Memória curta da entidade ignora a catástrofe da final da Libertadores do ano passado ao manter Flamengo X River Plate no Chile

Por Alexandre Senechal - Atualizado em 31 out 2019, 13h43 - Publicado em 31 out 2019, 09h17

As palavras ‘Conmebol‘ e ‘segurança’ sempre soaram como antônimos. Apesar do caos social, econômico e político que o Chile passa nas últimas duas semanas, a entidade que organiza o futebol sul-americano não demonstra qualquer preocupação com a decisão de manter a final da Copa Libertadores da América no Estádio Nacional, em Santiago. No mesmo dia em que o presidente Sebastián Piñera cancelou os dois principais eventos que o país receberia em 2019, justificando a decisão pelo “sábio princípio de bom senso”, a nova ministra do Esporte Cecilia Pérez ignorou o ensinamento, ratificou a intenção de sediar a partida e afirmou esperar uma grande festa de Flamengo e River Plate no próximo dia 23. Diante de tal contradição, aConmebol simplesmente deu de ombros e agradeceu o compromisso do governo chileno de garantir as condições para a realização do jogo.

Claramente, os dirigentes sul-americanos não aprenderam coisa alguma com o histórico de confusões nas competições que organiza. A Libertadores sempre foi conhecida por ser uma competição na qual tudo é permitido. A tão exaltada garra dos jogadores era costumeiramente um eufemismo para a violência. Por muito tempo, as batalhas ficaram restritas ao campo de jogo – com excessos, claro, como na primeira vez em que o Flamengo decidiu a competição em 1981, contra o Cobreloa, no mesmo Estádio Nacional do Chile. Até meados dos anos 2000, era cena trivial ver policiais usando seus escudos para proteger jogadores visitantes em cobranças de escanteio.

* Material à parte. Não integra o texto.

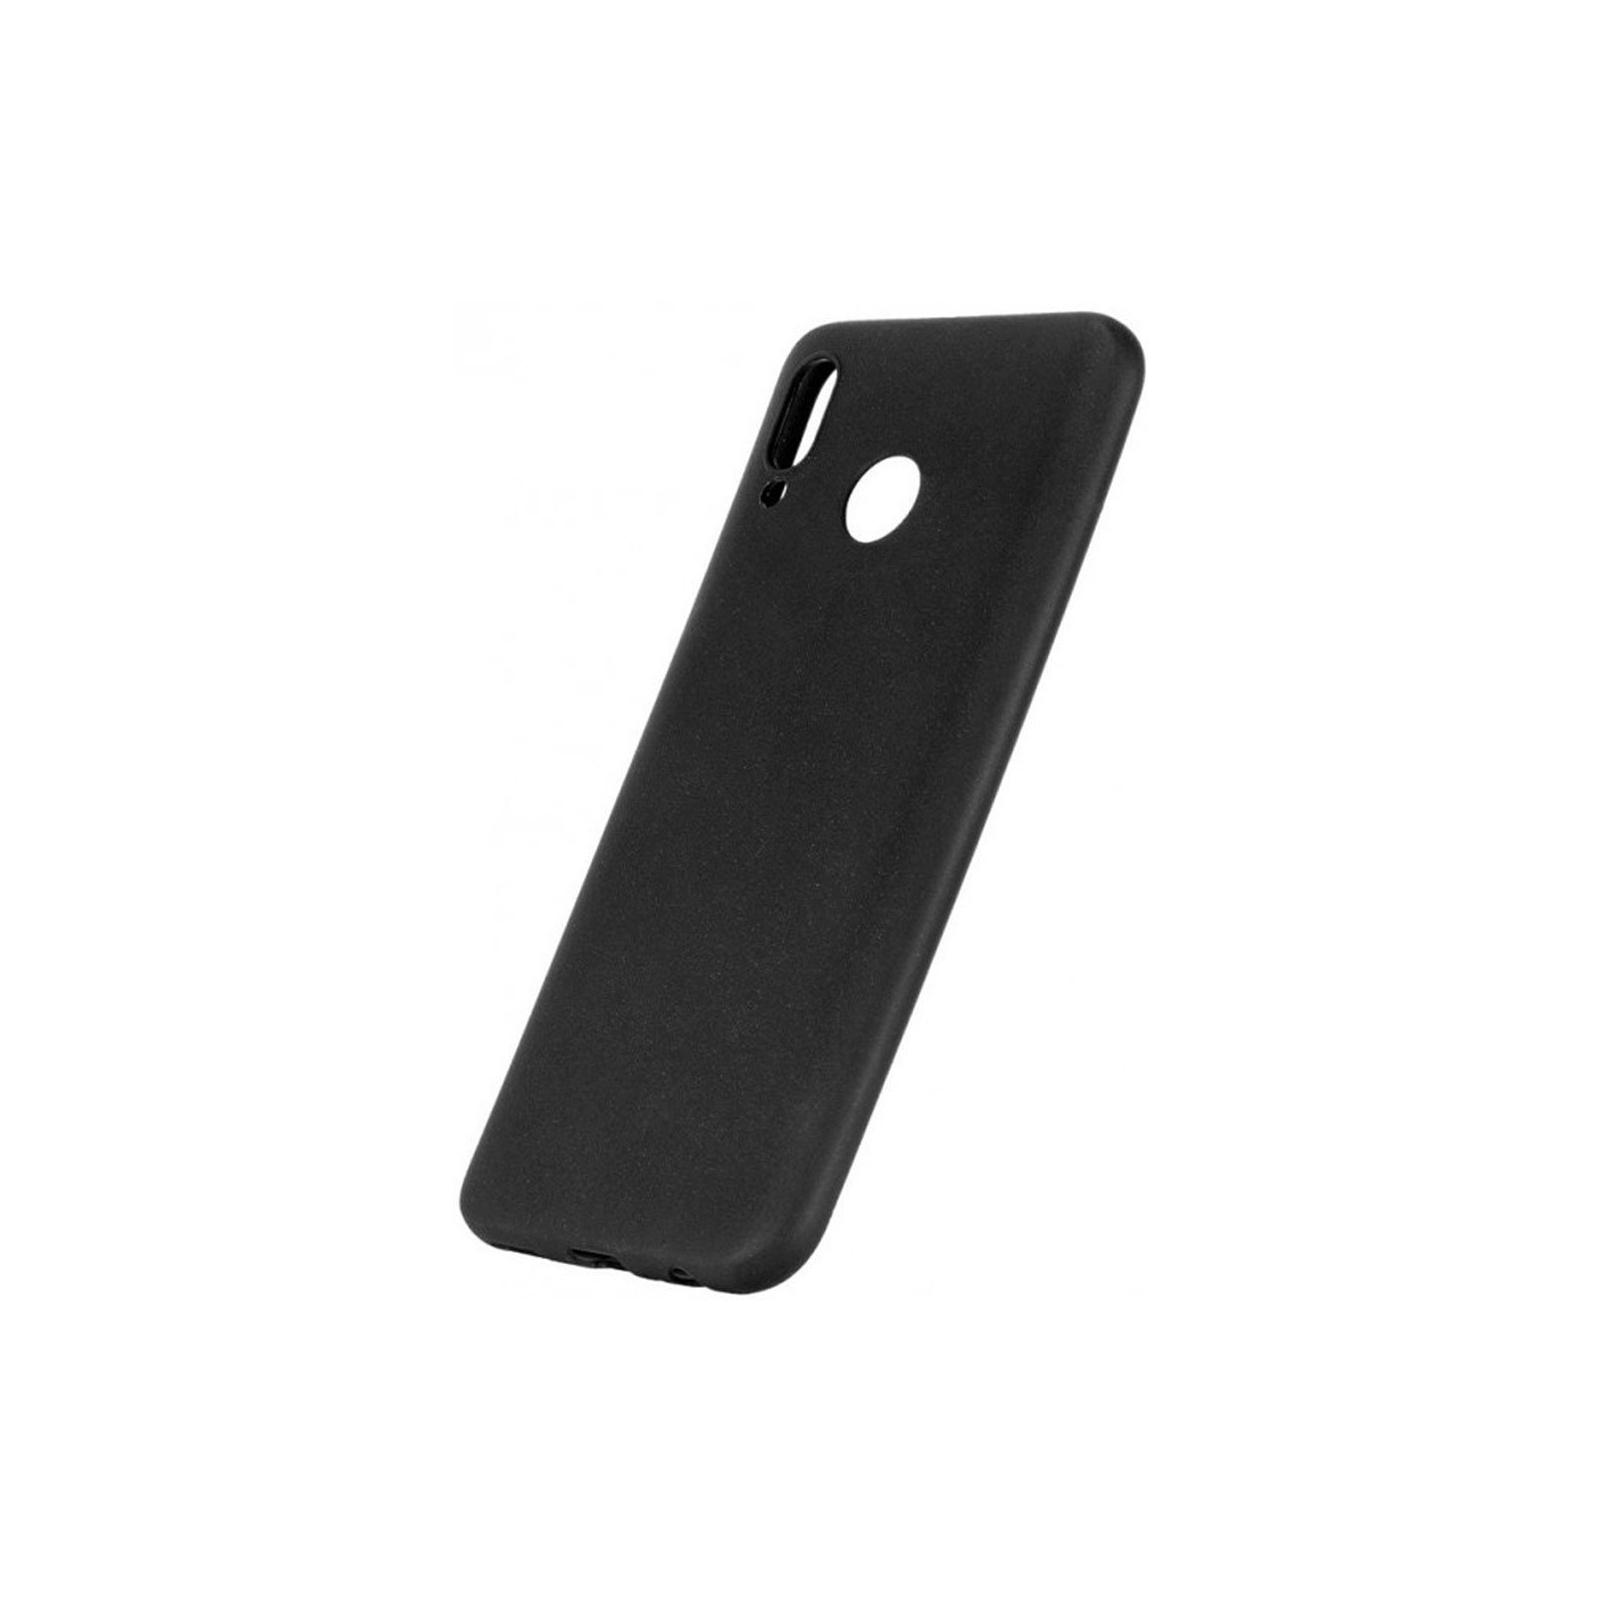 Чехол для моб. телефона ColorWay ColorWay TPU matt для Samsung Galaxy A30 Black (CW-CTMSGA305-BK) изображение 2
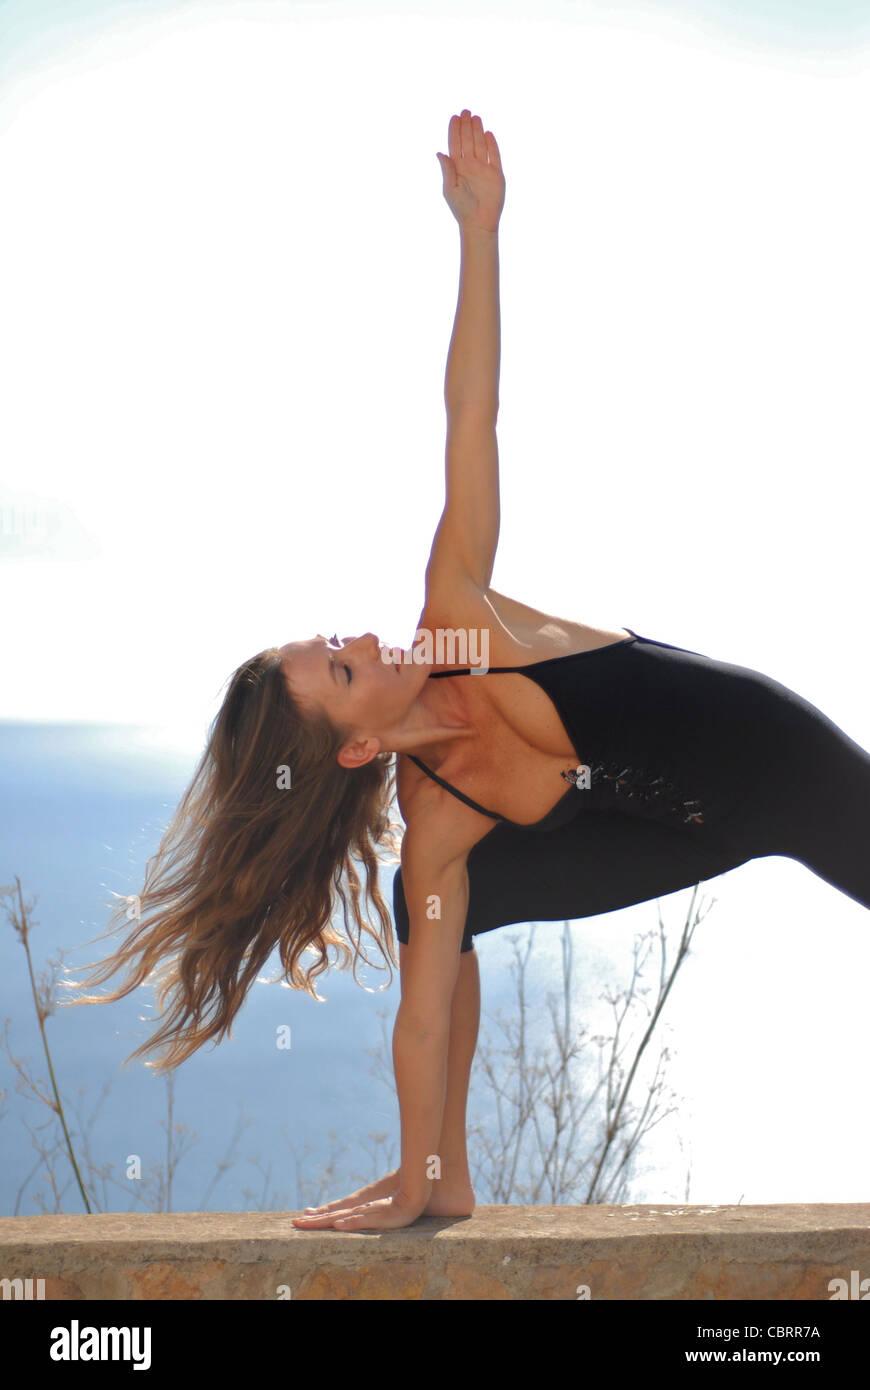 Yoga Shiromani Lena Tancredi, hacer yoga en la naturaleza, en Ibiza, España - Photo by Nano Calvo Imagen De Stock

Mas as cenas de horror acabaram transplantadas para fora do gramado. Em 2013, o boliviano Kevin Espada de 14 anos morreu após ser atingido por um sinalizador na partida entre San Jose, da Bolívia, e Corinthians. A entidade nunca conseguiu dar um desfecho decente para nenhum dos casos. Para cada uma das situações relatadas, a solução da Confederação é: obrigar os clubes a realizar jogos sem torcida. Já está mais do que provado que a medida é ineficaz. Os torcedores corintianos presos em Oruro, na Bolívia, acusados de participação na morte de Espada, se envolveram em um novas brigas de torcida. Um deles, inclusive, acabou morto.

A Liga dos Campeões, o grande modelo para a gestão do presidente da Conmebol Alejandro Domínguez, mostrou o caminho. A briga na final da competição europeia de 1985, no Estádio de Heysel, na Bélgica, que deixou 39 mortos e mais de 600 feridos, ocasionou mudanças drásticas no futebol de lá. Pelo comportamento dos hooligans do Liverpool, a equipe inglesa sofreu uma punição exemplar: foi suspensa do principal torneio continental por seis anos. Os outros times do país, que não tiveram participação no episódio, mas também registravam casos de violência, foram banidos da Liga dos Campeões por cinco anos. A punição exemplar foi um ponto de virada para o futebol do continente, exigindo novas regras de segurança e organização dos clubes, das federações e até dos governos. Pena que os sul-americanos só se preocuparam em copiar a malfadada final em partida única.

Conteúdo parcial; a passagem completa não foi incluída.